Earlier ALMA observations of Fomalhaut — taken in 2012 when the telescope was still under construction – revealed only about one half of the debris disk. Though this first image was merely a test of ALMA’s initial capabilities, it nonetheless provided tantalizing hints about the nature and possible origin of the disk.
The new ALMA observations offer a stunningly complete view of this glowing band of debris and also suggest that there are chemical similarities between its icy contents and comets in our own solar system.
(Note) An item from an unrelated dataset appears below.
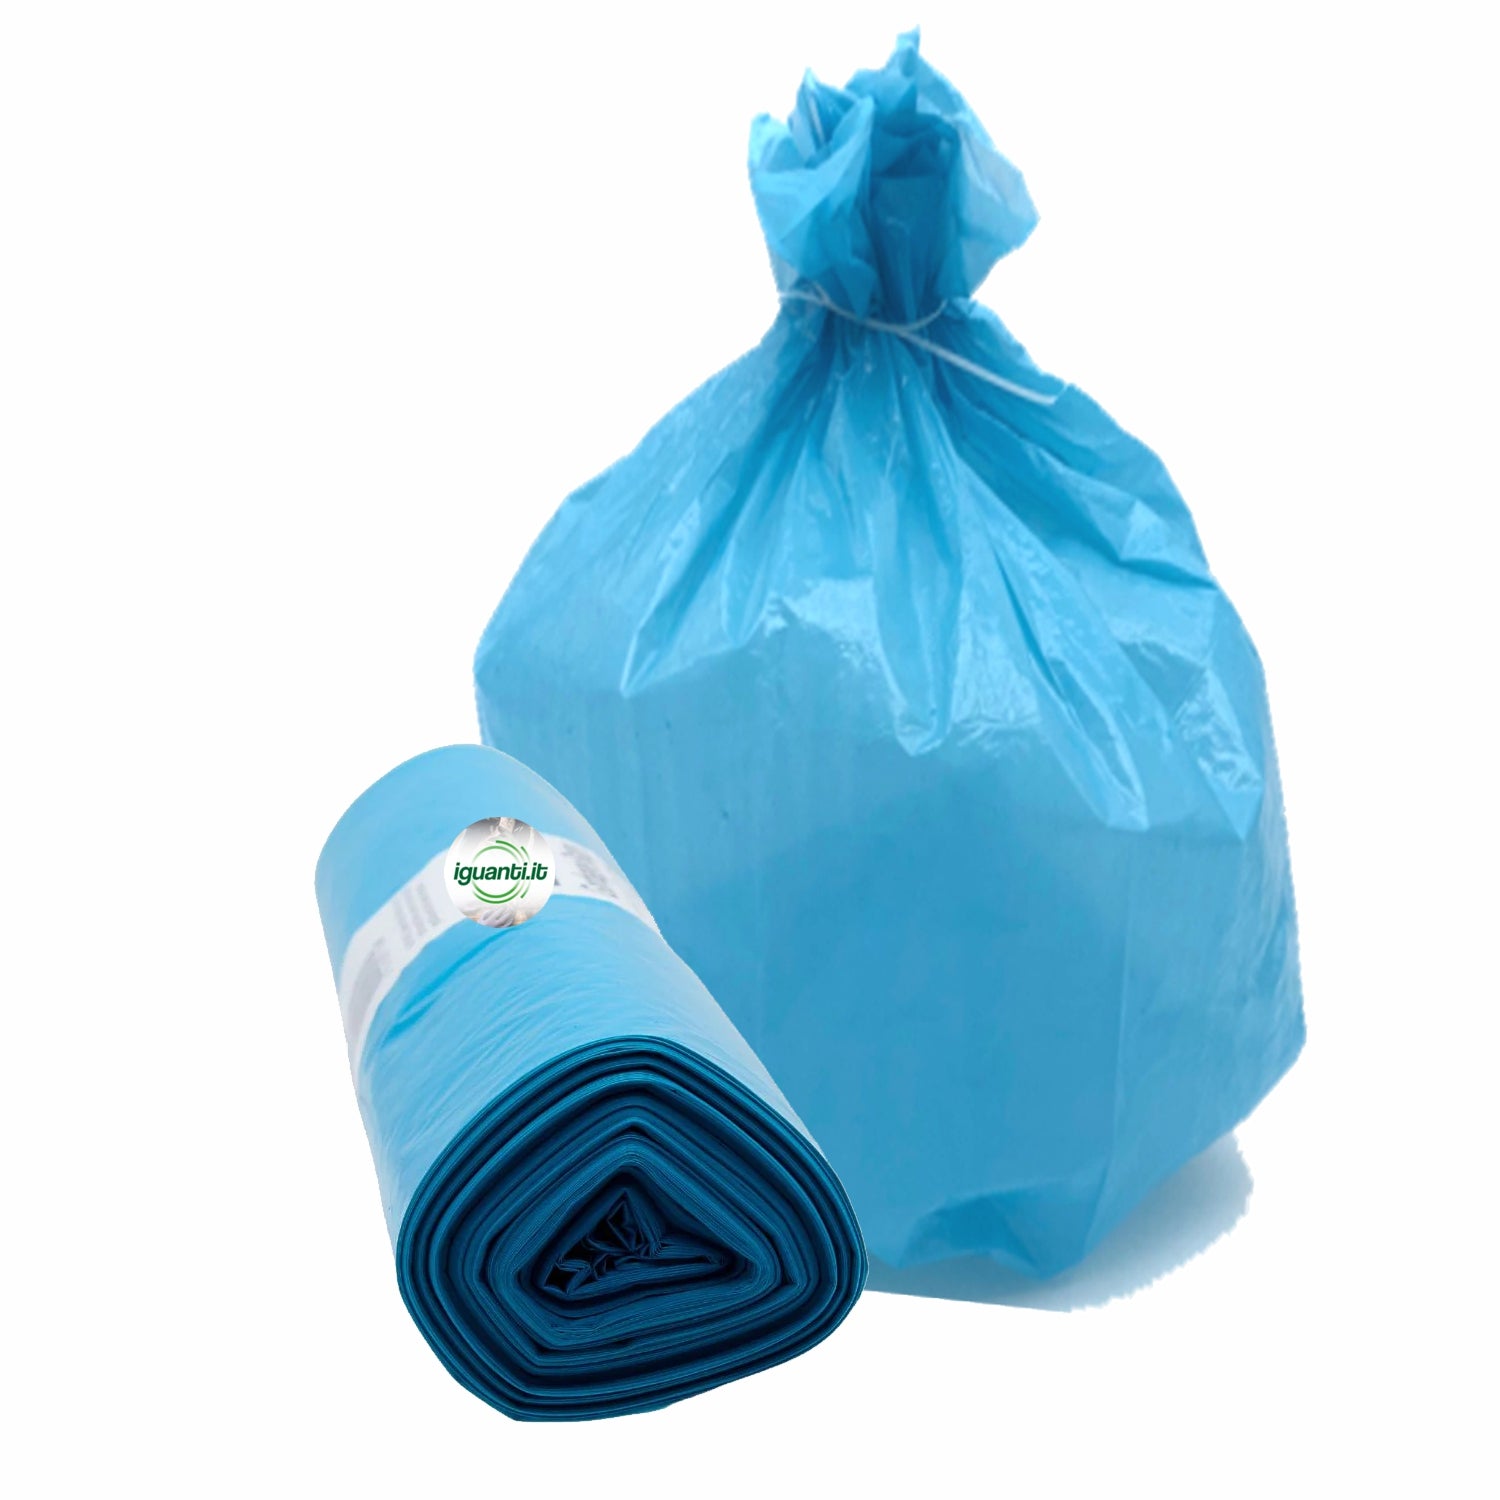 25 sacchi 30 litri spazzatura cm.50x60 colore azzurro peso gr.9

“ALMA has given us this staggeringly clear image of a fully formed debris disk,” said Meredith MacGregor, an astronomer at the Harvard-Smithsonian Center for Astrophysics in Cambridge, Mass., and lead author on one of two papers accepted for publication in the Astrophysical Journal describing these observations. “We can finally see the well-defined shape of the disk, which may tell us a great deal about the underlying planetary system responsible for its highly distinctive appearance.”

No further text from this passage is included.